Central Bank Defends Hawkish Stance

The Central Bank stepped up its defense of its reluctance to ease policy, offering more insight Wednesday into the methods it uses to set interest rates and describing its current stance as neutral.

Under political pressure to cut rates in response to slowing growth and tightening credit, the Central Bank said financial conditions are “neutral” and Russia’s growth rate is in line with potential.

“The monetary gap, it is neutral,” first deputy chairman Alexei Ulyukayev told reporters Wednesday. “We don’t see a significant gap between potential growth and actual growth. In this sense, we consider monetary policy neutral considering the risks.”

He also said inflation could fall within the Central Bank’s target range of 5 to 6 percent in the second quarter of this year, despite a spike in January to 7.1 percent.

Ulyukayev, a leading contender to replace outgoing chairman Sergei Ignatyev in June, emphasized the Central Bank’s independent thinking at a presentation of its first quarterly monetary policy report.

The Central Bank is making greater efforts to communicate its rationale for keeping key interest rates on hold since September. Government leaders have called for monetary easing to revive flagging growth.

The bank is seeking to complete a shift toward Western-style inflation targeting and away from a focus on the exchange rate, instead steering inflation expectations and fine-tuning interest rates.

As it tries to make monetary policy more predictable and systematic, the bank has for the first time published two of the key indicators — often referenced by Western central banks — it uses to make its rate call each month.

“In this text we show the recipe for how we make decisions,” Ulyukayev said, highlighting sections of the report that measure the monetary and output gaps.

The Central Bank uses an index of financial conditions that is designed to show how far conditions in the financial sector are impeding or encouraging economic growth.

This measure — a composite indicator combining factors such as interest rates, money supply trends, the level of the exchange rate and the stock market — was just below zero as of last November but has trended positive since mid-2012.

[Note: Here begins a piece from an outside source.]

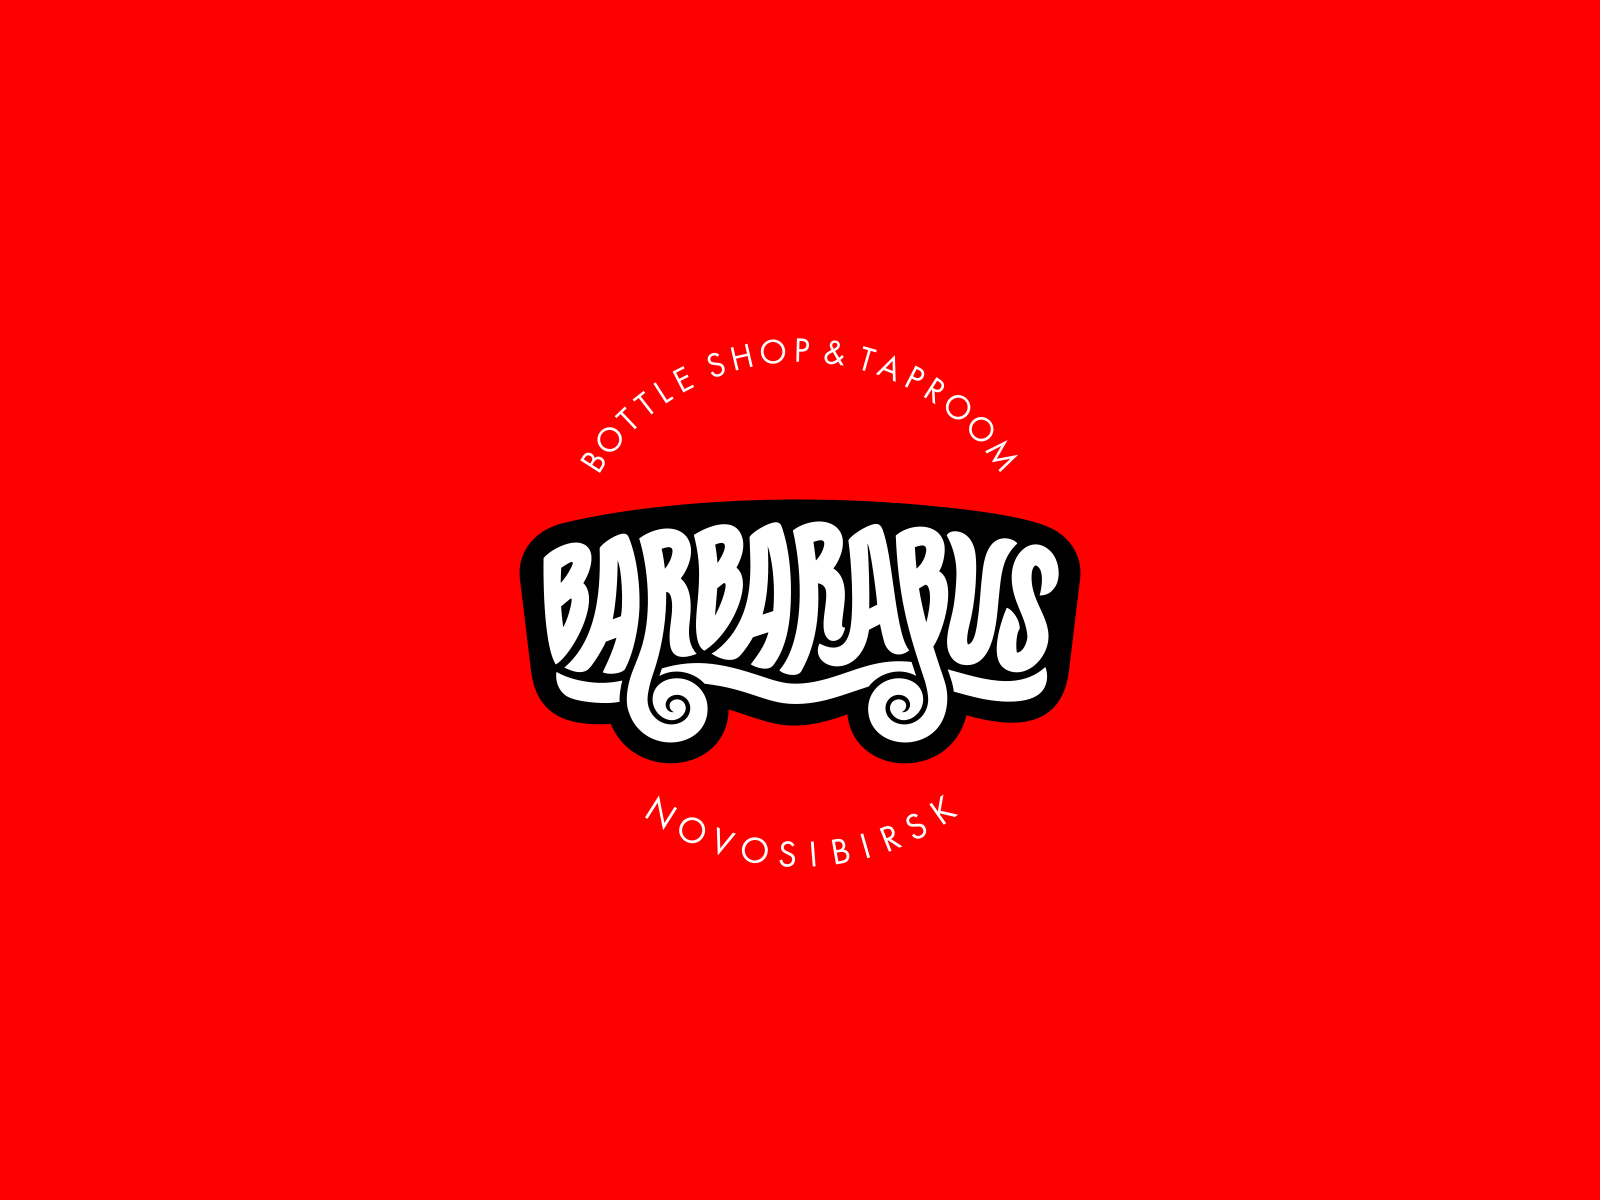 Barbarabus

The bank interprets this as contradicting recent comments by officials, bankers and businessmen that the Central Bank’s interest rate policies are contributing to a marked economic slowdown.

The bank also looks at the output gap, the difference between current economic output and the potential level. It says this gap had shrunk from more than 6 percent of GDP in 2009 to zero at the end of last year, implying that easing monetary conditions right now would stoke inflation, and not growth.  

Hinting at a possible compromise, Ulyukayev said the Central Bank would discuss bringing its 8.25 percent refinancing rate, which is largely symbolic, closer in line with its main policy rates.

“Such a prospect exists, not only for macroeconomic reasons. The refinancing rate, as you know, isn’t a key policy rate but is more of a historical one,” he said.